Centocor Becomes Profitable

Despite the setback with Centoxin, by early 1993, Centocor was financially turning a corner. Its cash burn rate had fallen from $50 to $30 million between the first and last quarter of 1992. Part of this had been achieved through layoffs, but it had also been helped by the reversion back to collaboration.95 Good results were also beginning to be reported for other products in Centocor’s pipeline.

Some of the most cheering news was the positive data Centocor’s clinical team was getting from the cardiovascular drug ReoPro. Licensed from the State University of New York, Stony Brook, in 1986, much of the early development and testing of ReoPro had been undertaken by Centocor with funds raised from a R&D-limited partnership set up in 1987.96 By 1992 when Centocor signed its alliance with Eli Lilly, ReoPro was in Phase III clinical trials and Centocor had plans to file for FDA and European regulatory approval the following year 97.

In early 1993 when the first results from the drug’s trial emerged positive, it was clear Centocor not only possessed a marketable drug, but its future was now secure.98 Submitted for approval in 1993, ReoPro took just 10 months to be approved by the European regulatory authorities and 12 months by the FDA. These approvals came through in December 1994. ReoPro’s approval marked a key milestone for Centocor and placed mAbs firmly on the therapeutic map, showing for the first time they could be used for acute conditions. The drug was the second mAb to win approval as a therapeutic, the first having been approved in 1986 by Johnson & Johnson’s Orthoclone OKT3 (used to prevent kidney transplant rejections).99 The first therapeutic product ever to receive simultaneous the United States and European approval, ReoPro was the only new biotechnology product sanctioned in 1994. In December 1995 the drug’s marketing potential was further boosted when clinical trials showed it was effective for unstable angina, broadening its potential market to more than 1 million patients 100.

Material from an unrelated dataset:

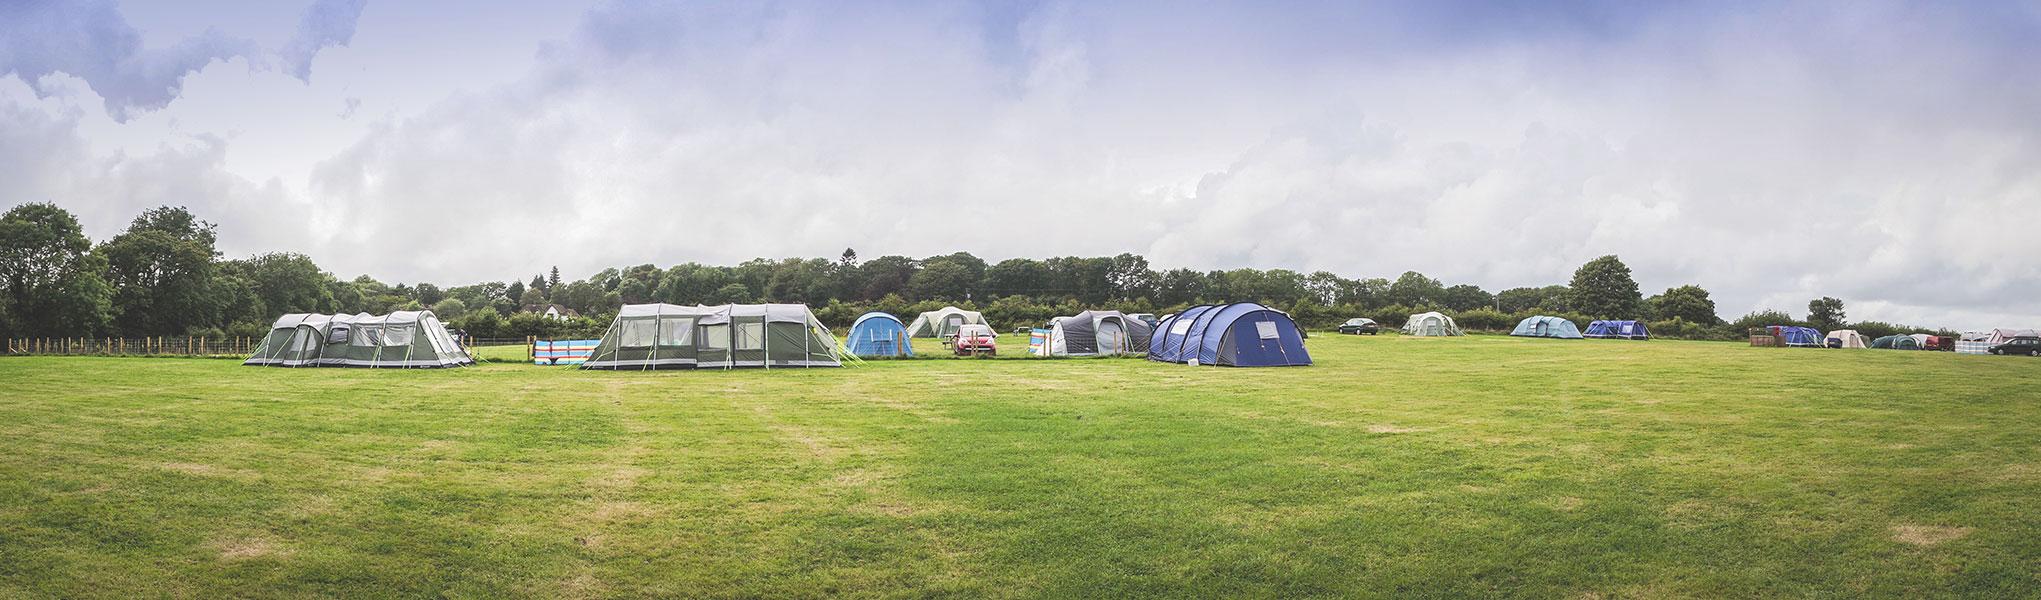 Monkton-Wyld-Camping-Site-Dorset-05
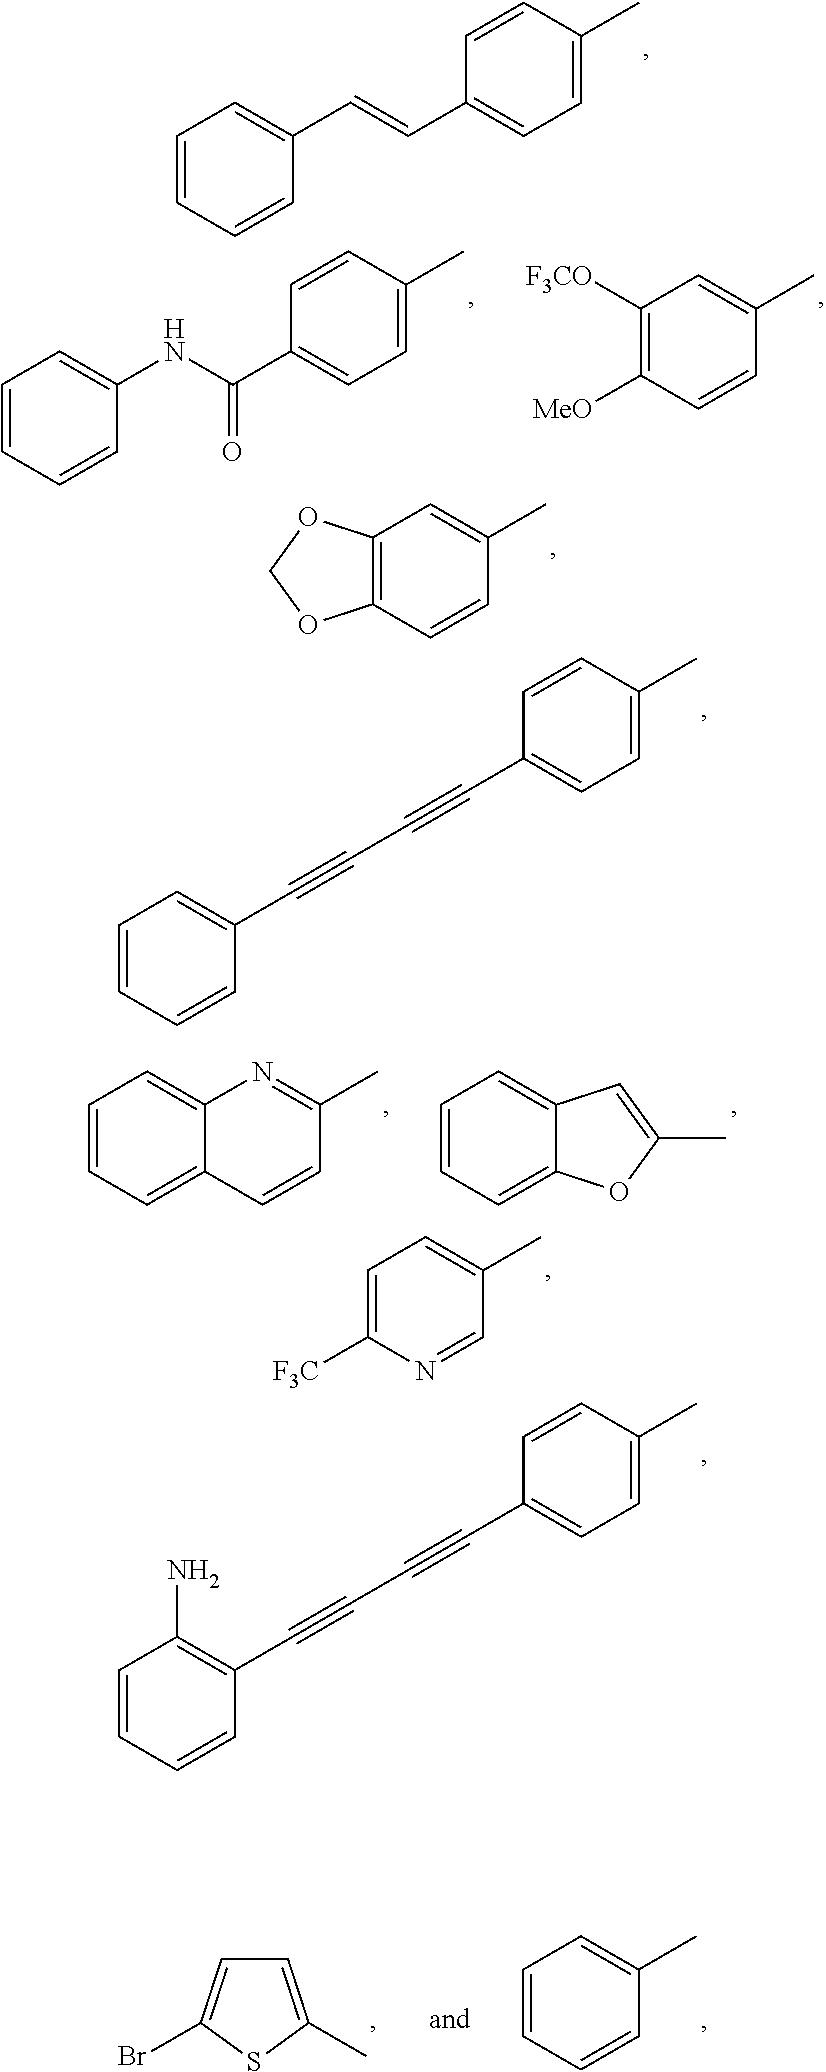 Figure US09617256-20170411-C00030

Centocor’s partnership with Eli Lilly was crucial to the development of ReoPro. While Centocor had undertaken and internally financed much of its early development and clinical trials, the alliance provided the time to do further necessary work 101. Under the alliance agreement, Eli Lilly exercised its right to market the drug in the United States and most of Western Europe. ReoPro rapidly became a success, with worldwide sales of $23 million in its first year, 1995. By 1999 worldwide sales had increased to $447.3 million. Four years later, the drug was being investigated for noncardiac indications, including sickle-cell anemia and cancer 102.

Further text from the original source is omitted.